Identifying BT-like P2P Traffic by the Discreteness of Remote Hosts

By analyzing application protocols and traffic, we find that the most striking distinguish between BitTorrent (BT)-like peer-to-peer (P2P) applications' traffic and traditional as well as other P2P (such as Skype) applications' traffic of a single user may be the dissimilarity in the distribution of remote hosts involved. Therefore, we propose a method based on discreteness of remote hosts (RHD) to identify BT-like traffic. In this method, traffic for each user host in a stub network need be monitored at the border of the stub network and classified into flows. At intervals concurrent TCP and UDP flows for a single host should be grouped respectively by what stub network the remote host of each flow belongs to, and then calculate instant RHDs for TCP and UDP flows respectively.

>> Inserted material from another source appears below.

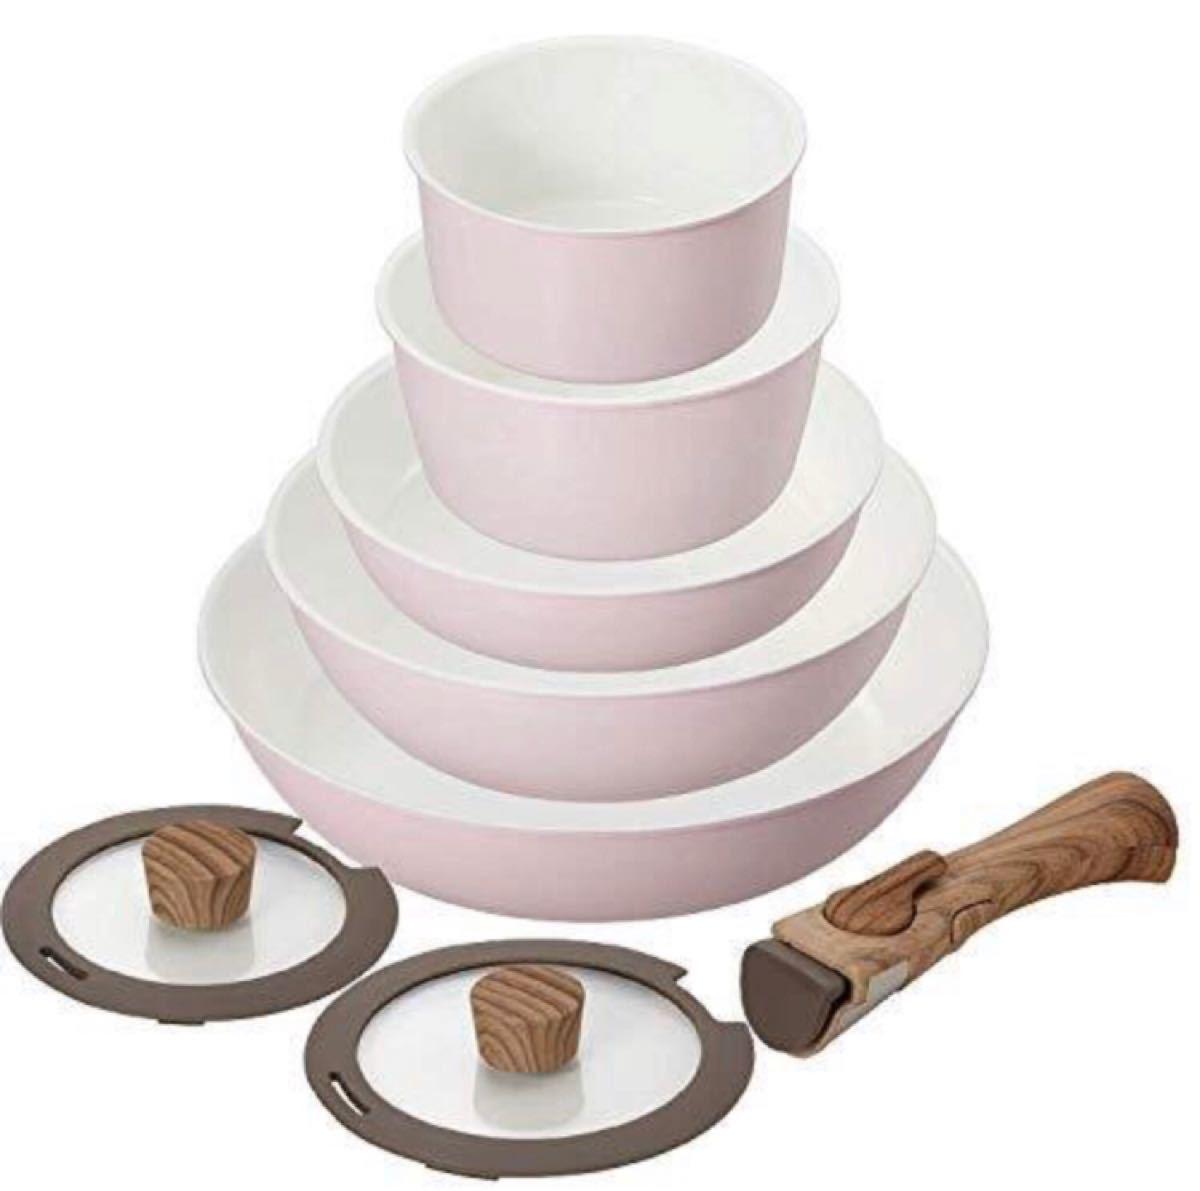 セラミック フライパン&鍋8点セット 蓋など 調理器具 遠赤外線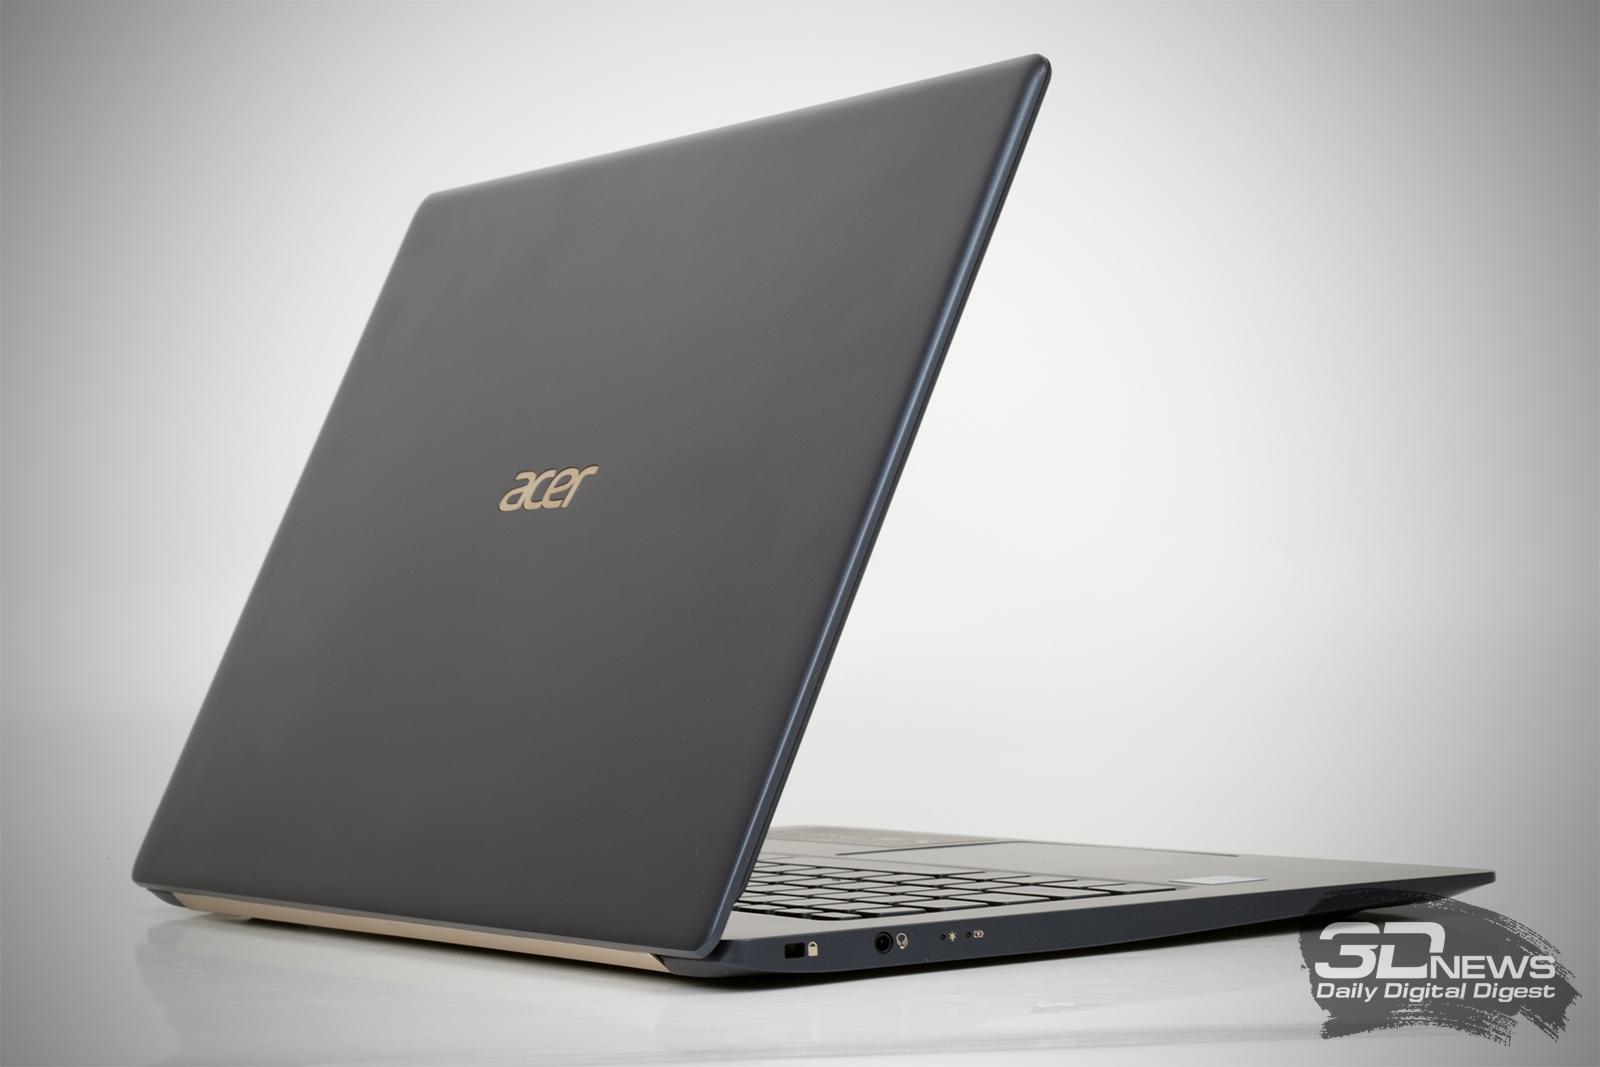 Обзор ноутбука Acer Swift 5: нет времени созерцать — надо работать

For any user host, if the sum of two average RHDs for a period of time exceeds specific threshold, then we can deduce that the host has used BT-like P2P application. The method proposed here is a simple traffic characteristic-based traffic classification method. It is more suitable for identifying protean BT-like P2P application than usual content-based methods such as those based on port numbers or application signatures. Experiments results reveal that our method can effectively recognize BT-like traffic and may be particularly appropriate for use to restrict BT-like traffic during working hours if needed.